# Dividir señal para tacometro



## mga_14406 (Sep 13, 2009)

Hola a todos mi nombre es mario y soy un aprendiz en este mundo de la electronica. Por este motivo les estare preguntando muchisimo en todo lo que necesite ayuda.
En este caso recurro a ustedes ya que estoy intentando conectar un tacometro original de un auto naftero en mi auto diesel.
El otro dia aproveche que tenia que cambiar los rodamientos del alternador, porque tenian mucho juego y le hice una salida de señal de una de las puntas del bobinado, antes del rectificador.

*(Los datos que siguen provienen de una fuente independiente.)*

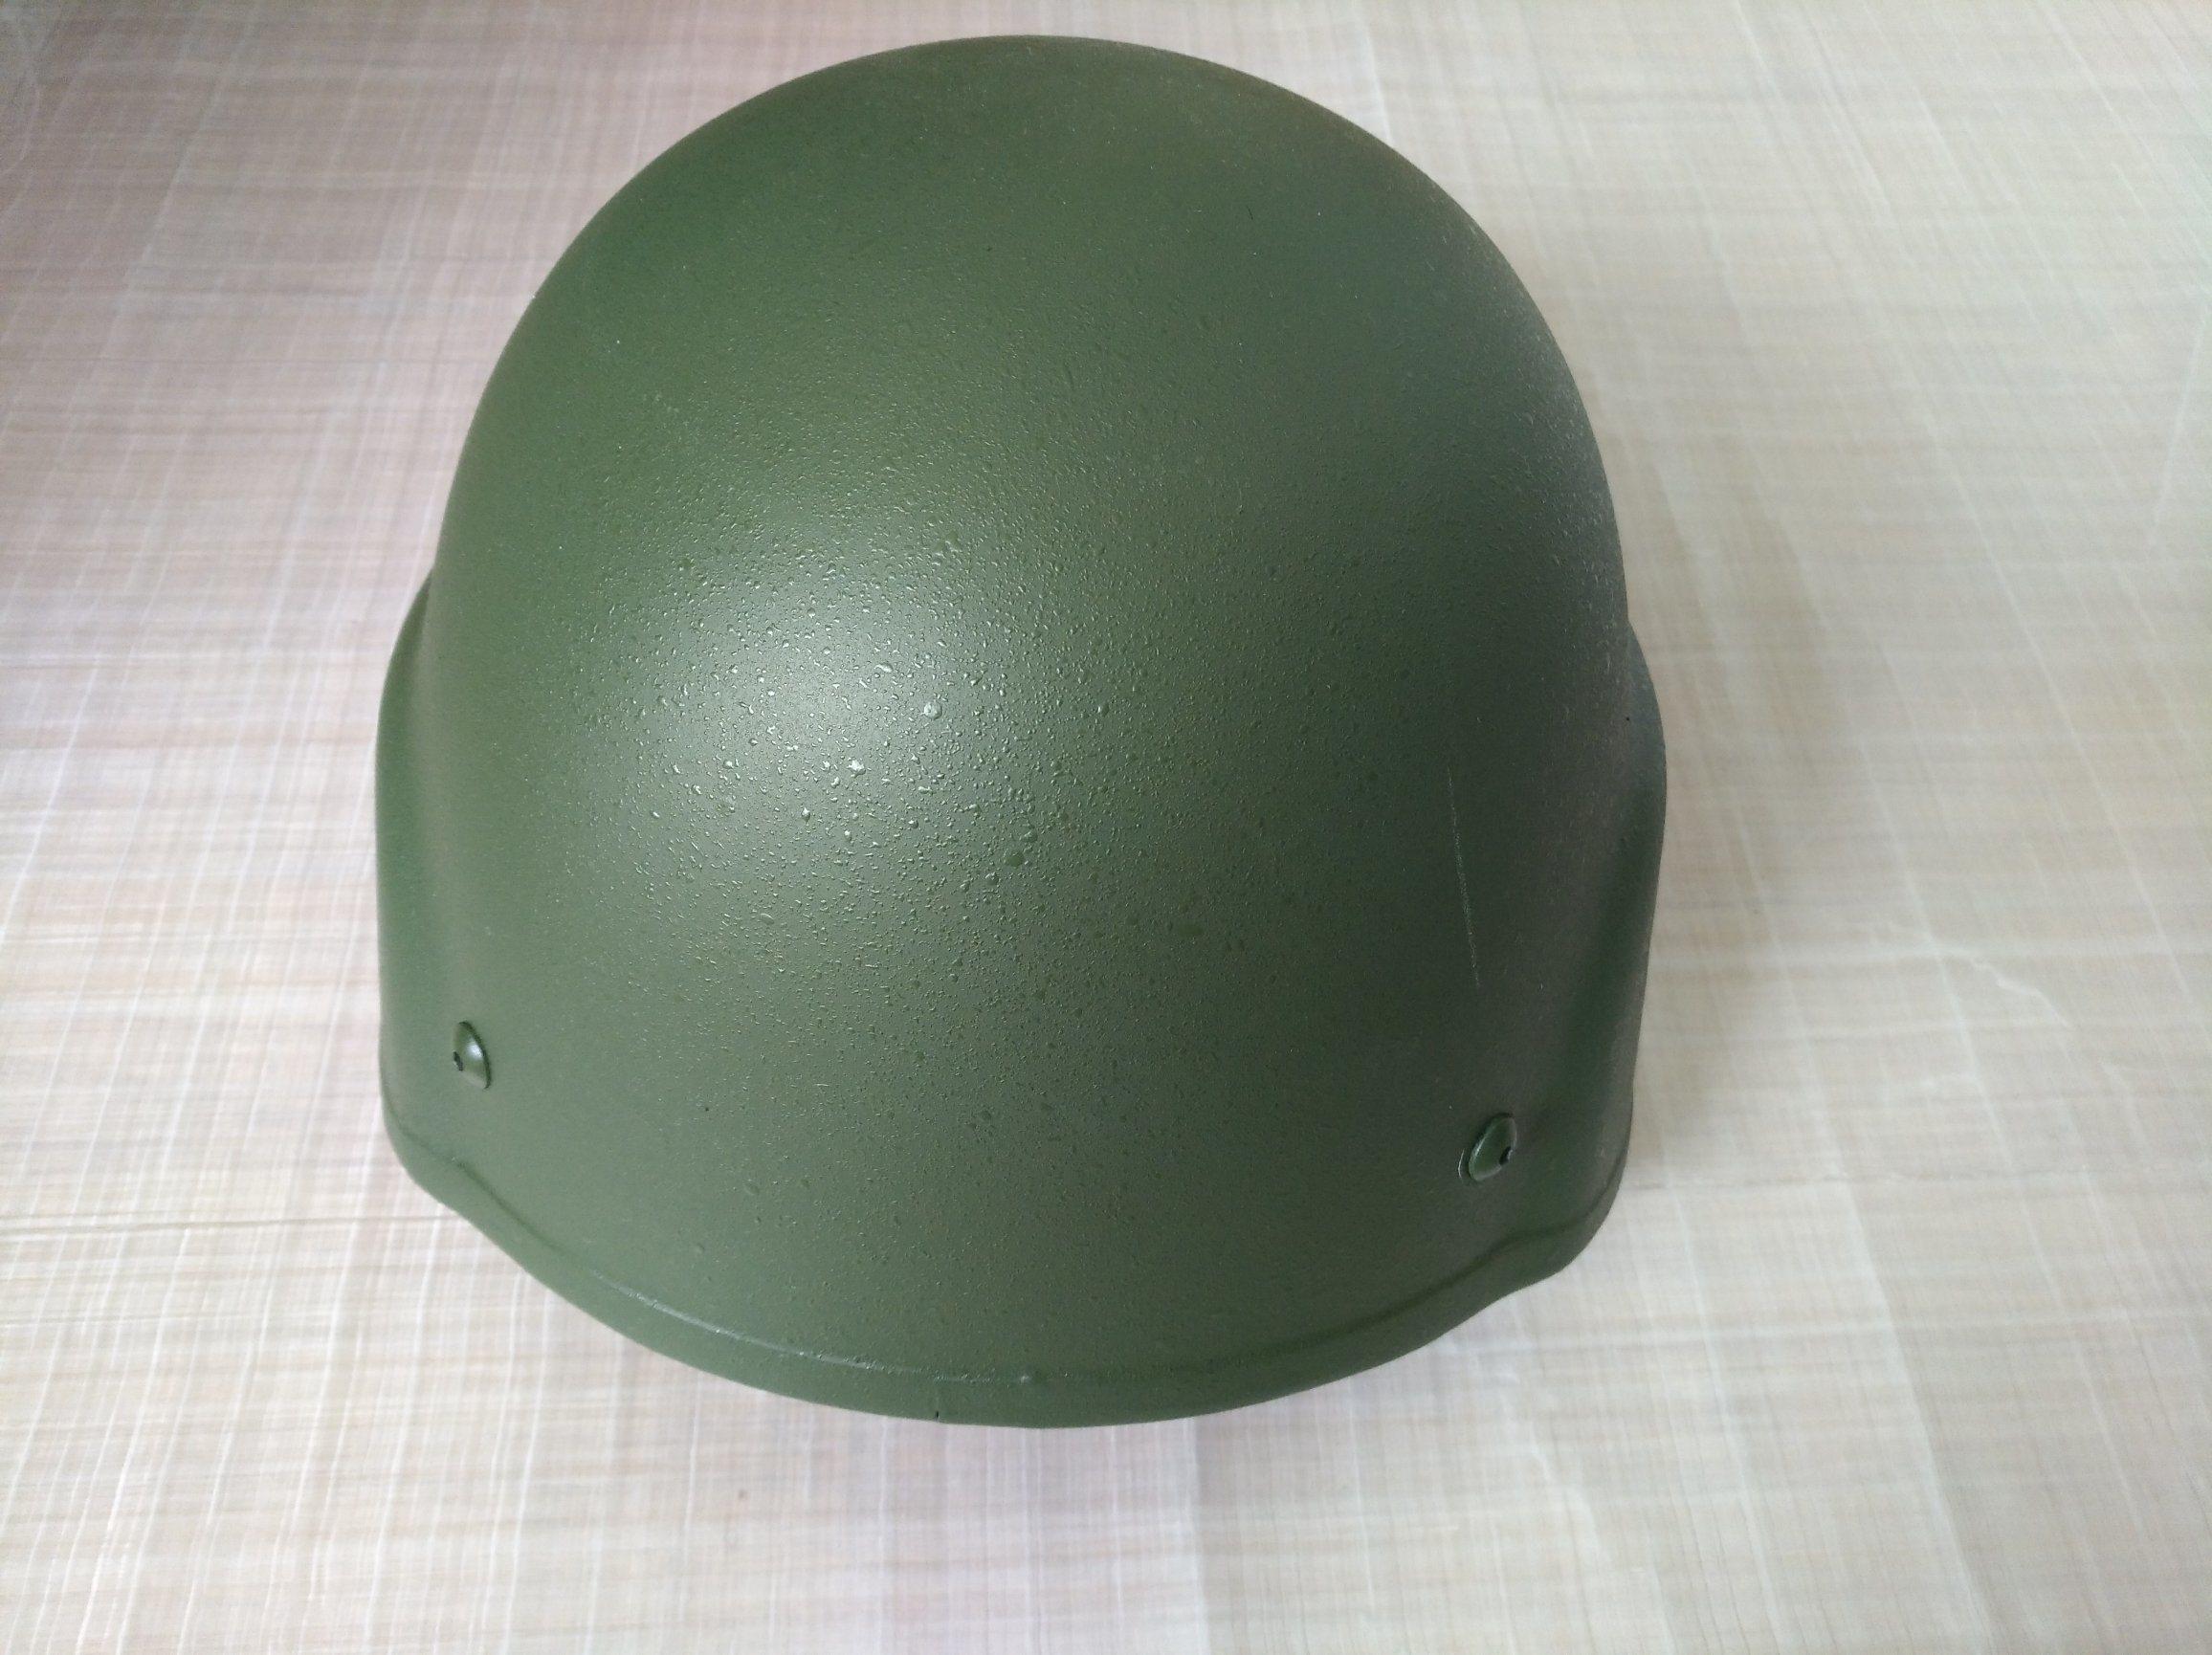 e5c723d0 China Nij Lever Iiia UHMWPE Bulletproof Helmet with Visor Photos ...

Hasta ahi todo bien, conecte los cables al modulo del tacometro (+, - y señal) y con el preset a tope, las revoluciones marcadas no bajaron de 3000 por la relacion de poleas que hay entre el cigüeñal y el alternador.

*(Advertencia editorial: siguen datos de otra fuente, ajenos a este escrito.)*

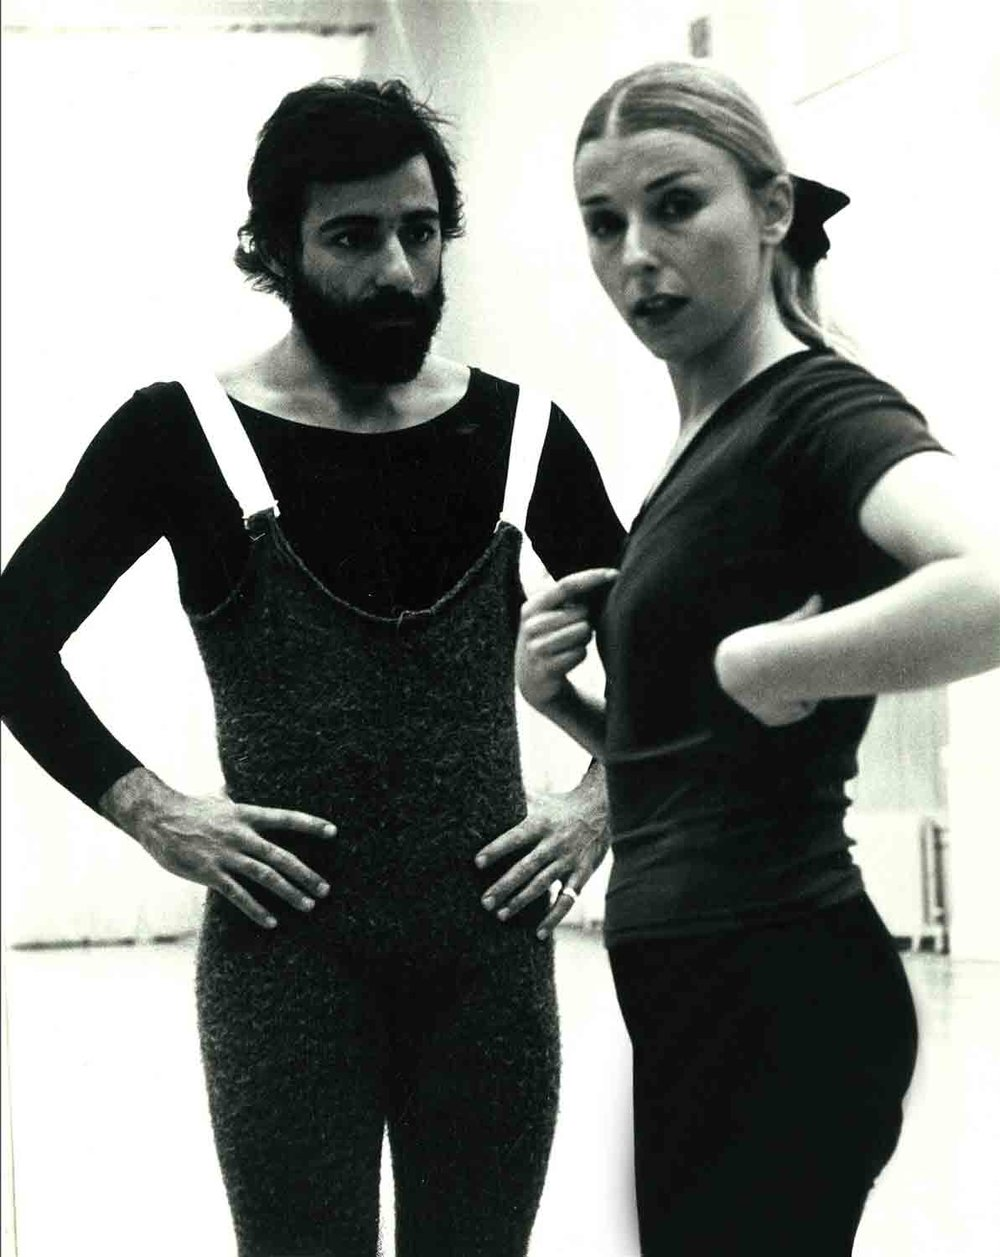 Rolando-Peña_03_Dance-Theater_Phyllis-Lamhut-Dance-Company_1_1969.jpg

Ahora estoy en busqueda de saber si existe la forma de dividir esa señal en tres para que marque como corresponde. les comento que me doy maña para armar circuitos y tengo conocimientos basico de electricidad y muy poco de electronica, todo esto lo aprendi en la escuela hace unos 5 años, nada mas ai que tenganme paciencia ops:
Alguien me puede dar una mano? 
Gracias


----------